Under Wagner, the team was more attacking this season and its early positive results surprised, but they had only one win in 2020 before the lockdown.

“Economically this has been a difficult time because we have almost no turnover,” says Kemmer. “At least we have the TV money, but we make money in ticket sales. Teams like Bayer Leverkusen can just ring their owners, their rich uncle, and ask for money. Schalke don’t have that and I’m afraid this current situation will make it even more unfair than it is now. We have sponsors because we’re a popular club but we don’t have a benefactor.”

A club with such vast crowds the underdog?

“Schalke is the last big German club which is 100 per cent owned by the members,” says Kemmer, “but that brings pressure because we have to compete with clubs with very wealthy owners who want to be in the Champions League spots.”

Could Schalke change and take a benefactor? Would they even want to? It’s unlikely.

“I’d really like to know what a Manchester City fan truly feels,” says Kemmer of perhaps the most famous club where outside wealth has transformed their fortunes. “City were like Schalke, a big blue collar club with no success until they have this big spender from Abu Dhabi who treats the club – and I don’t want to sound disrespectful – like a champion horse and buys titles. It’s the same at PSG. It’s prestigious for these owners to own star players like M’Bappe or Neymar, but football was traditionally a blue-collar sport and it still feels like it is here.”

Three other Bundesliga clubs are owned by fans – Union Berlin, Freiburg and Mainz. But wasn’t German football supposed to be safeguarded by the famous 50+1 rule, which means that 50 per cent of the shares of a club – plus one share – have to remain in the hands of the parent club?

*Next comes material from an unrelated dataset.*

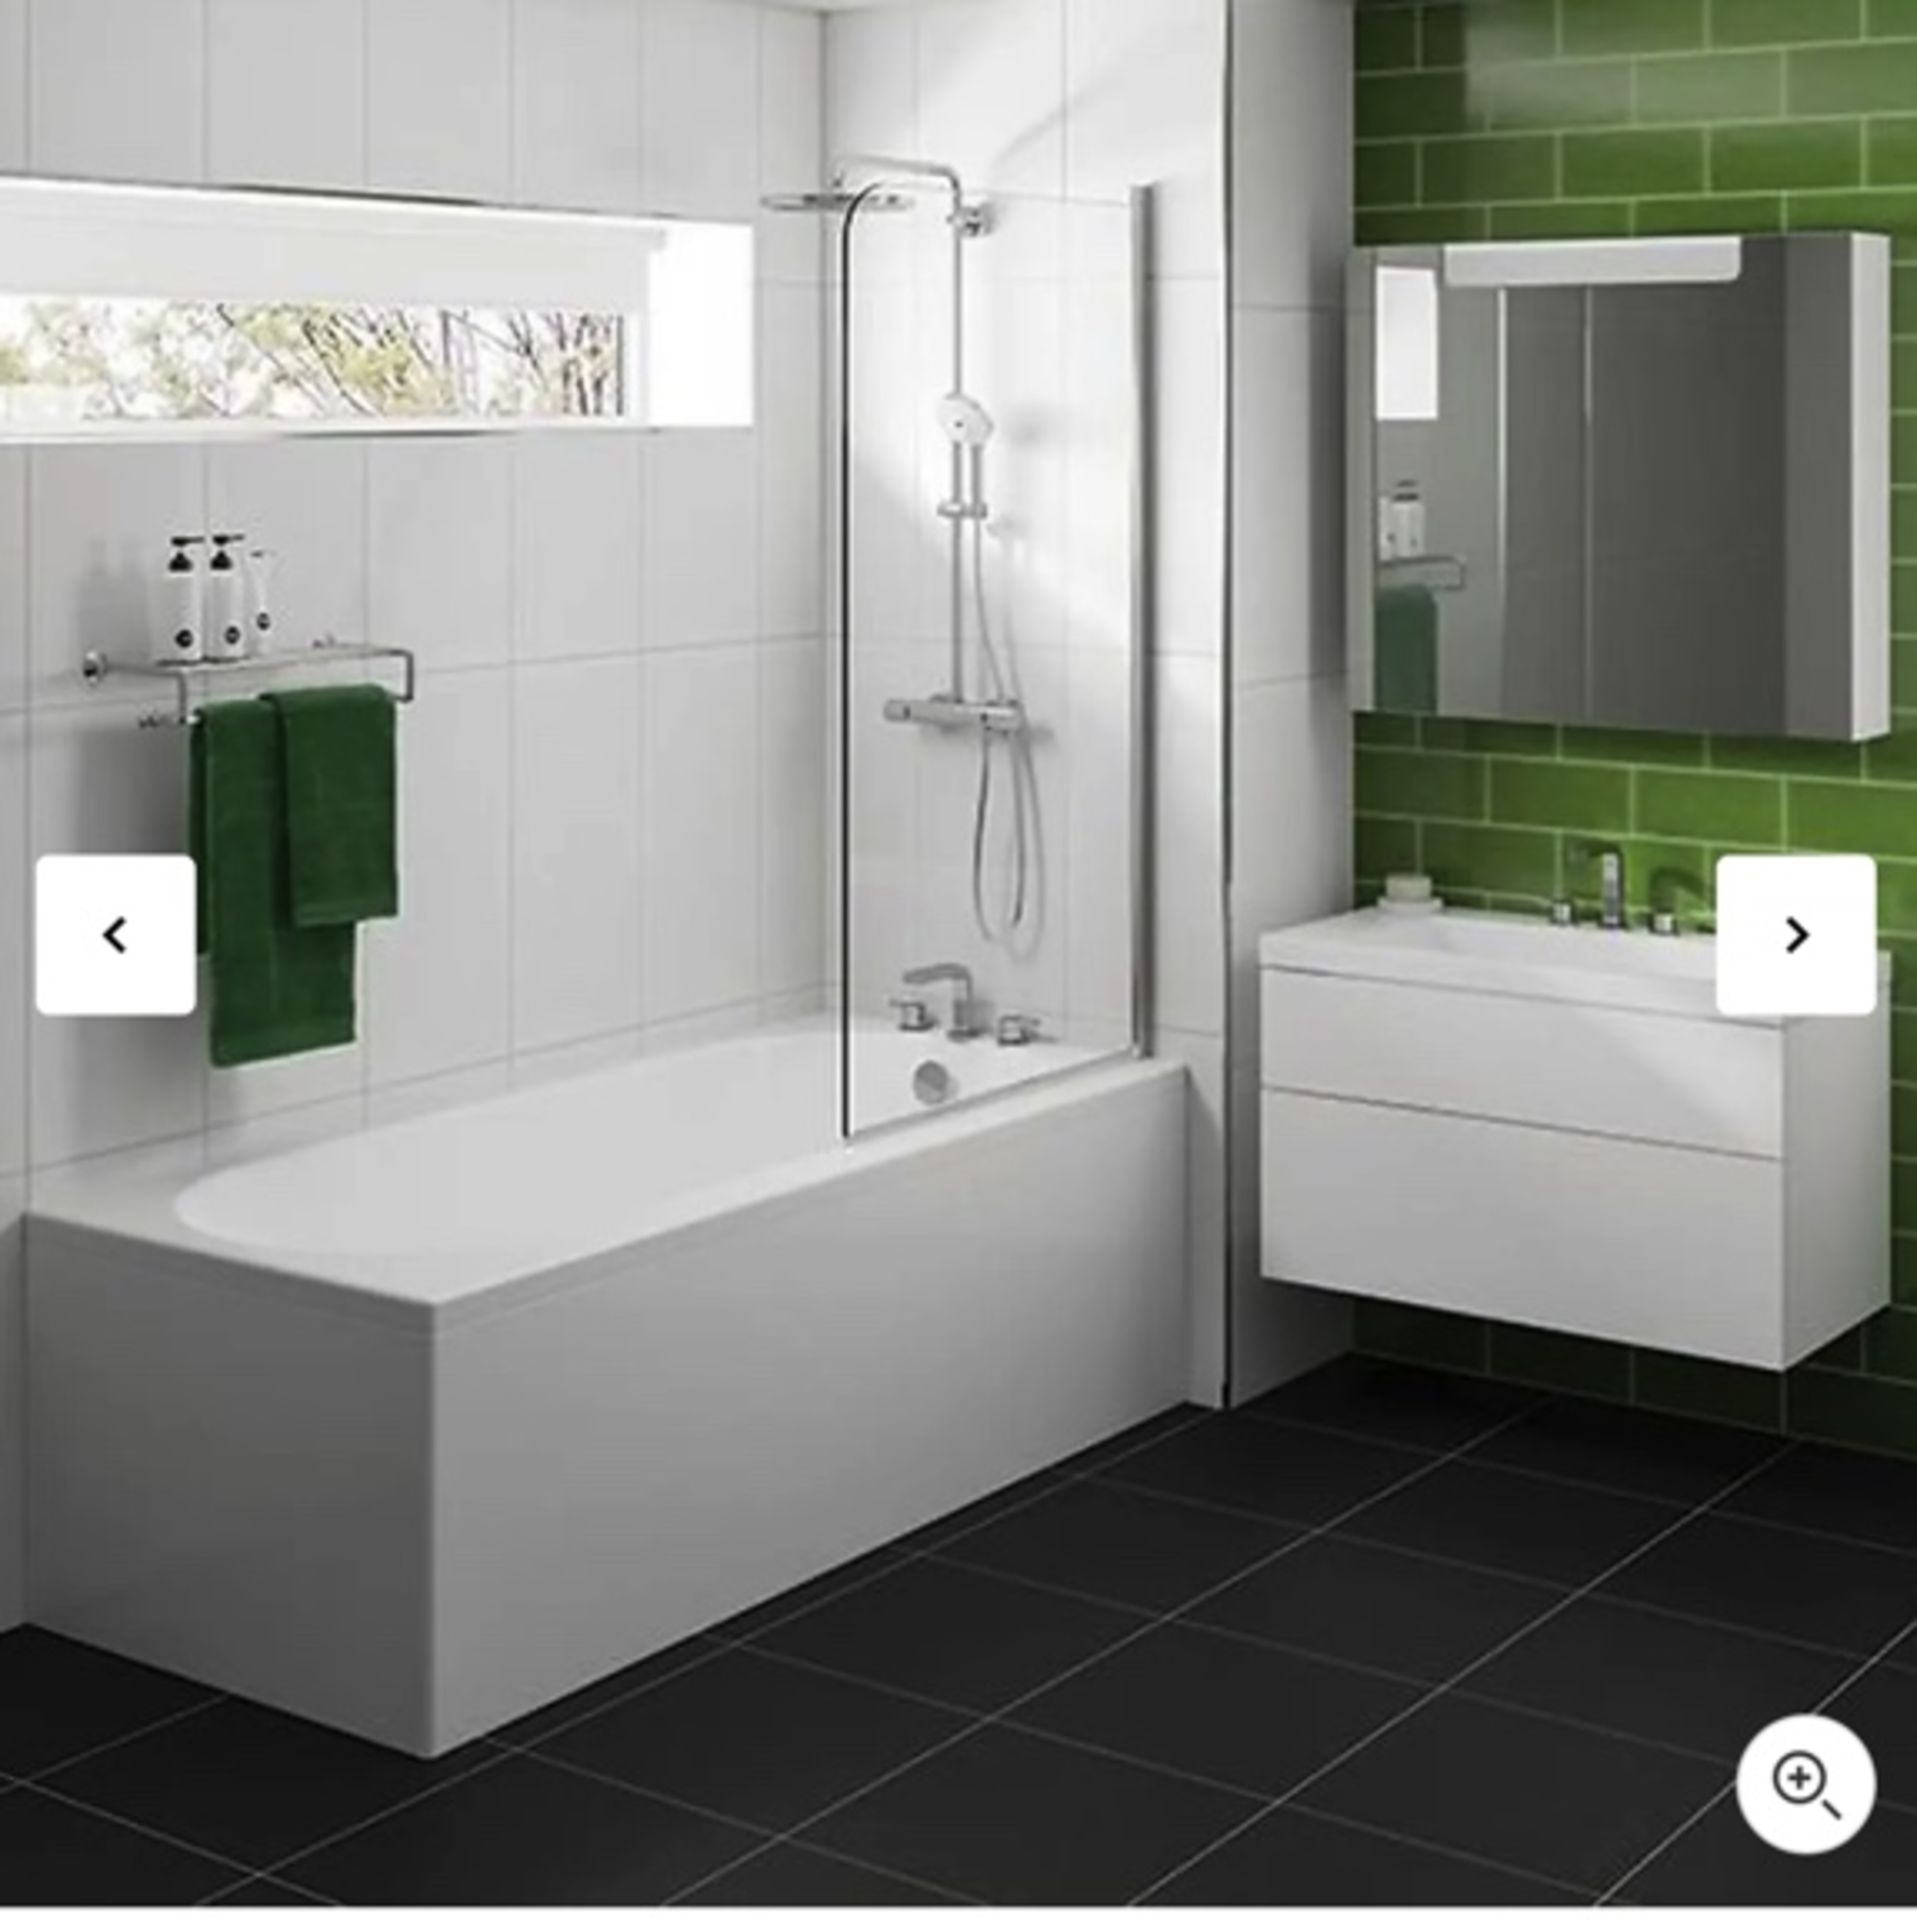 Brand New Colorado White Single Ended Straight Bath 1600 x 700mm RRP £210 **No Vat**

“That rule is on paper only,” explains Kemmer, who is unpaid for his board role. “Hoffenheim is 100 per cent owned by their funder. Volkswagen is with Wolfsburg, Bayer with Leverkusen or Red Bull (Leipzig). When these clubs fail to have success they get more money from the investor. It’s not fair.”

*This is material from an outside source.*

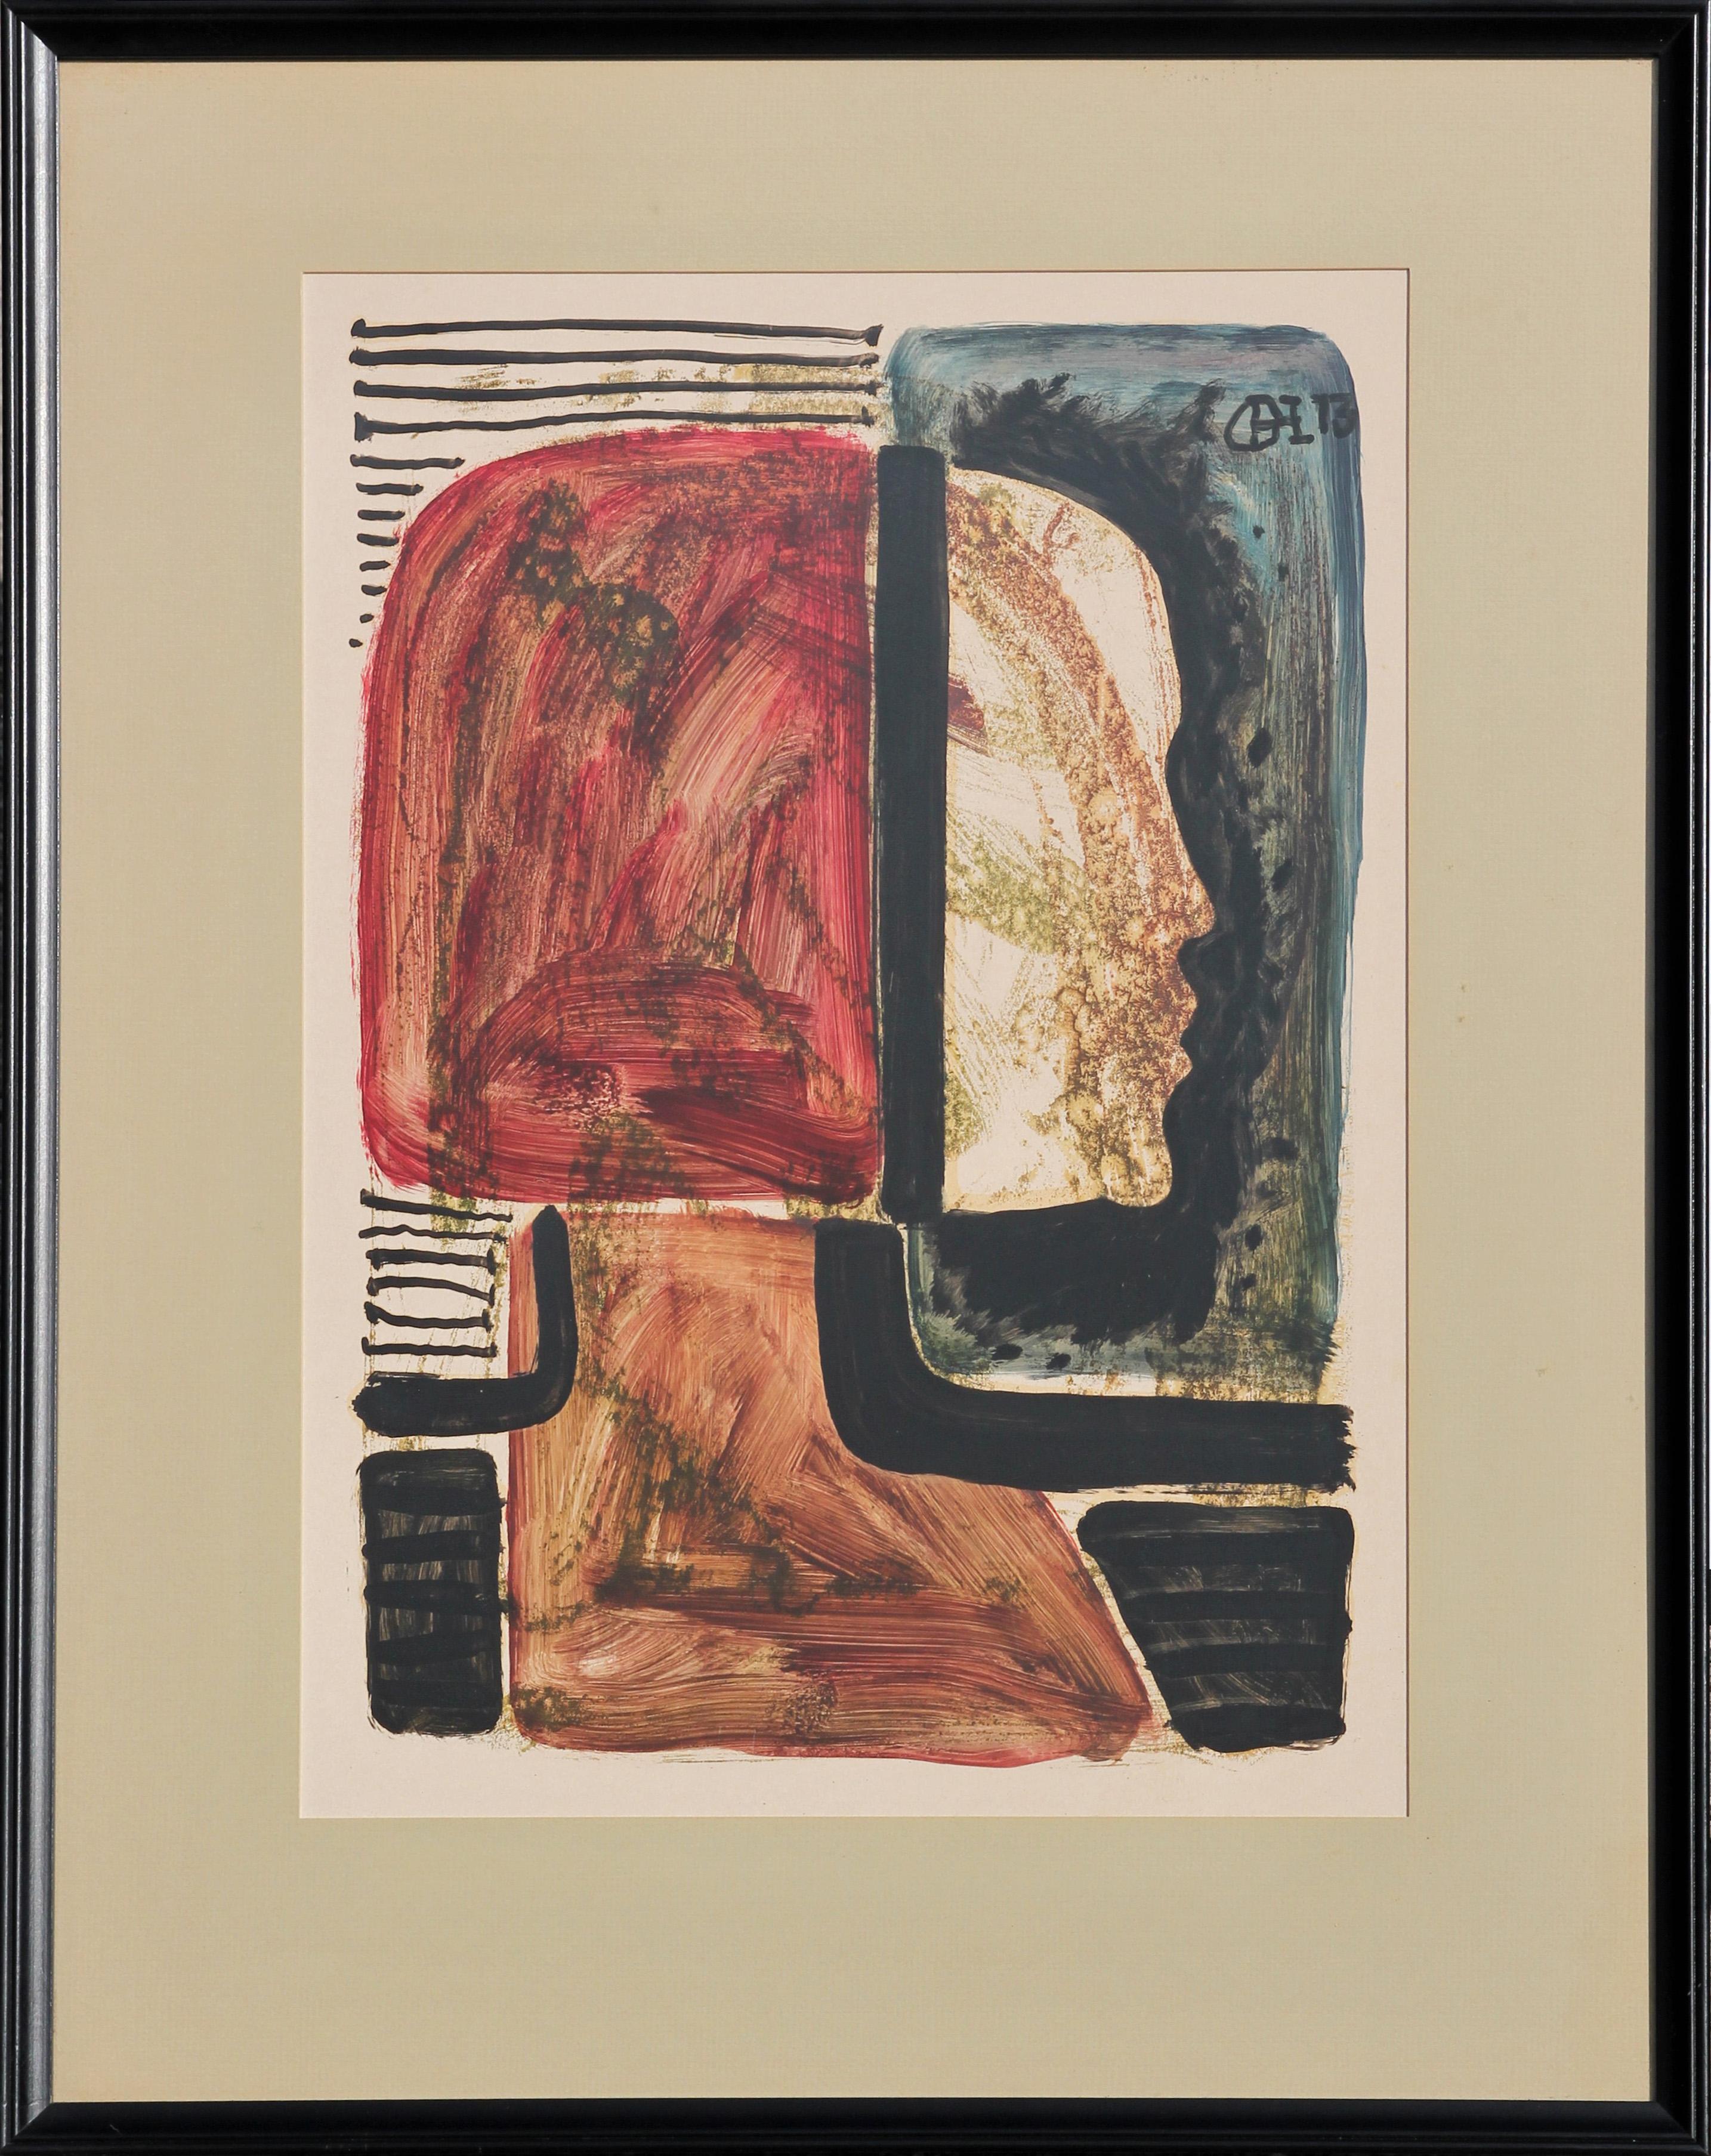 Otis Huband Abstract Drawing - "Face at the Window" Red, Blue, and Black Abstract Figurative Portrait

Schalke 04 are based in a working class area of the city of Gelsenkirchen. Photo: AFP

Schalke have ambitions to be a top four or five club in Germany and a top 15 club in Europe but feel hamstrung. “We own our stadium, we pay for our academy from our own revenue without outside money, but if we have one or two terrible seasons we lose €30-40 million from not being in the Champions League. So then we have to sell players.

“In England, you at least have four or five clubs – or even a Leicester – who can win the league because of the huge income from TV money,”

Kemmer says this with no bitterness, but much resignation. “In Germany a big club should be able to do well and challenge for the league after two or three years, but they can’t because the dream is dead. Bayern Munich win the league every year, they are so far away from the rest. Bayern, who only own 28 per cent of their own club, used to get more sponsorship than us, but the gap was not like it is now. Adidas, a major stakeholder in Bayern, has no motivation to encourage competition. They only want to see their shirts on the winner – Bayern.”

The Bundesliga will attract a large new international audience this weekend. It has been painted as a football utopia in the past for its cheap admission prices, terracing and vast crowds, but as Schalke know, it’s not quite true.